Great. Thanks Lifeng.

> The adaptation of ACPI LPI states is shown below as a patch. Feel free to
> include this patch as part of your series, or I can also send it out after
> your series being merged.

Ah, so polling for the regular ACPI driver.
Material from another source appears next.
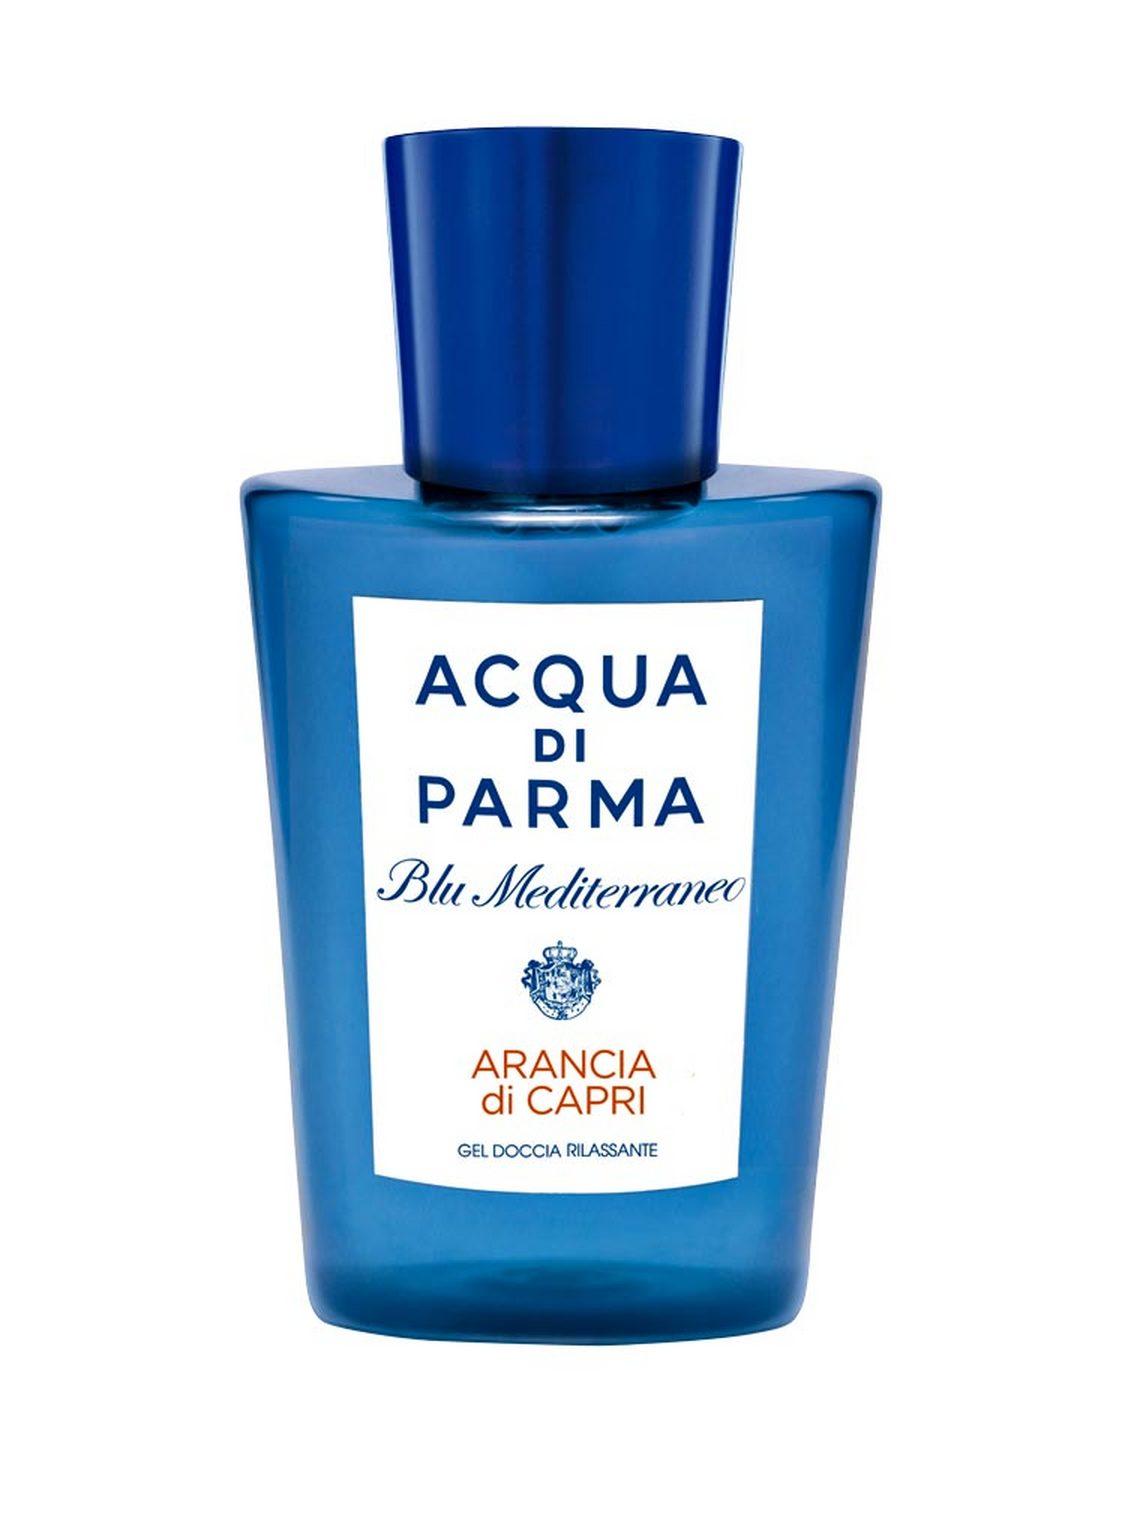 Image of Acqua Di Parma Arancia Di Capri Shower Gel 200 ml

From a quick look the
patch looks good but this series is mostly focused on haltpoll so I
think this patch can go in after.

Please Cc me when you send it.

Thanks
Ankur

> From: Lifeng Zheng <zhenglifeng1@xxxxxxxxxx>
>
> ACPI: processor_idle: Support polling state for LPI
>
> Initialize an optional polling state besides LPI states.
>
> Wrap up a new enter method to correctly reflect the actual entered state
> when the polling state is enabled.
>
> Signed-off-by: Lifeng Zheng <zhenglifeng1@xxxxxxxxxx>
> Reviewed-by: Jie Zhan <zhanjie9@xxxxxxxxxxxxx>
> ---
> drivers/acpi/processor_idle.c | 39 ++++++++++++++++++++++++++++++-----
> 1 file changed, 34 insertions(+), 5 deletions(-)
>
> diff --git a/drivers/acpi/processor_idle.c b/drivers/acpi/processor_idle.c
> index 44096406d65d..d154b5d77328 100644
> --- a/drivers/acpi/processor_idle.c
> +++ b/drivers/acpi/processor_idle.c
> @@ -1194,20 +1194,46 @@ static int acpi_idle_lpi_enter(struct cpuidle_device *dev,
> return -EINVAL;
> }
>
> +/* To correctly reflect the entered state if the poll state is enabled. */
> +static int acpi_idle_lpi_enter_with_poll_state(struct cpuidle_device *dev,
> + struct cpuidle_driver *drv, int index)
> +{
> + int entered_state;
> +
> + if (unlikely(index < 1))
> + return -EINVAL;
> +
> + entered_state = acpi_idle_lpi_enter(dev, drv, index - 1);
> + if (entered_state < 0)
> + return entered_state;
> +
> + return entered_state + 1;
> +}
> +
> static int acpi_processor_setup_lpi_states(struct acpi_processor *pr)
> {
> - int i;
> + int i, count;
> struct acpi_lpi_state *lpi;
> struct cpuidle_state *state;
> struct cpuidle_driver *drv = &acpi_idle_driver;
> + typeof(state->enter) enter_method;
>
> if (!pr->flags.has_lpi)
> return -EOPNOTSUPP;
>
> + if (IS_ENABLED(CONFIG_ARCH_HAS_OPTIMIZED_POLL)) {
> + cpuidle_poll_state_init(drv);
> + count = 1;
> + enter_method = acpi_idle_lpi_enter_with_poll_state;
> + } else {
> + count = 0;
> + enter_method = acpi_idle_lpi_enter;
> + }
> +
> for (i = 0; i < pr->power.count && i < CPUIDLE_STATE_MAX; i++) {
> lpi = &pr->power.lpi_states[i];
>
> - state = &drv->states[i];
> + state = &drv->states[count];
> snprintf(state->name, CPUIDLE_NAME_LEN, "LPI-%d", i);
> strscpy(state->desc, lpi->desc, CPUIDLE_DESC_LEN);
> state->exit_latency = lpi->wake_latency;
> @@ -1215,11 +1241,14 @@ static int acpi_processor_setup_lpi_states(struct acpi_processor *pr)
> state->flags |= arch_get_idle_state_flags(lpi->arch_flags);
> if (i != 0 && lpi->entry_method == ACPI_CSTATE_FFH)
> state->flags |= CPUIDLE_FLAG_RCU_IDLE;
> - state->enter = acpi_idle_lpi_enter;
> - drv->safe_state_index = i;
> + state->enter = enter_method;
> + drv->safe_state_index = count;
> + count++;
> + if (count == CPUIDLE_STATE_MAX)
> + break;
> }
>
> - drv->state_count = i;
> + drv->state_count = count;
>
> return 0;
> }


--
ankur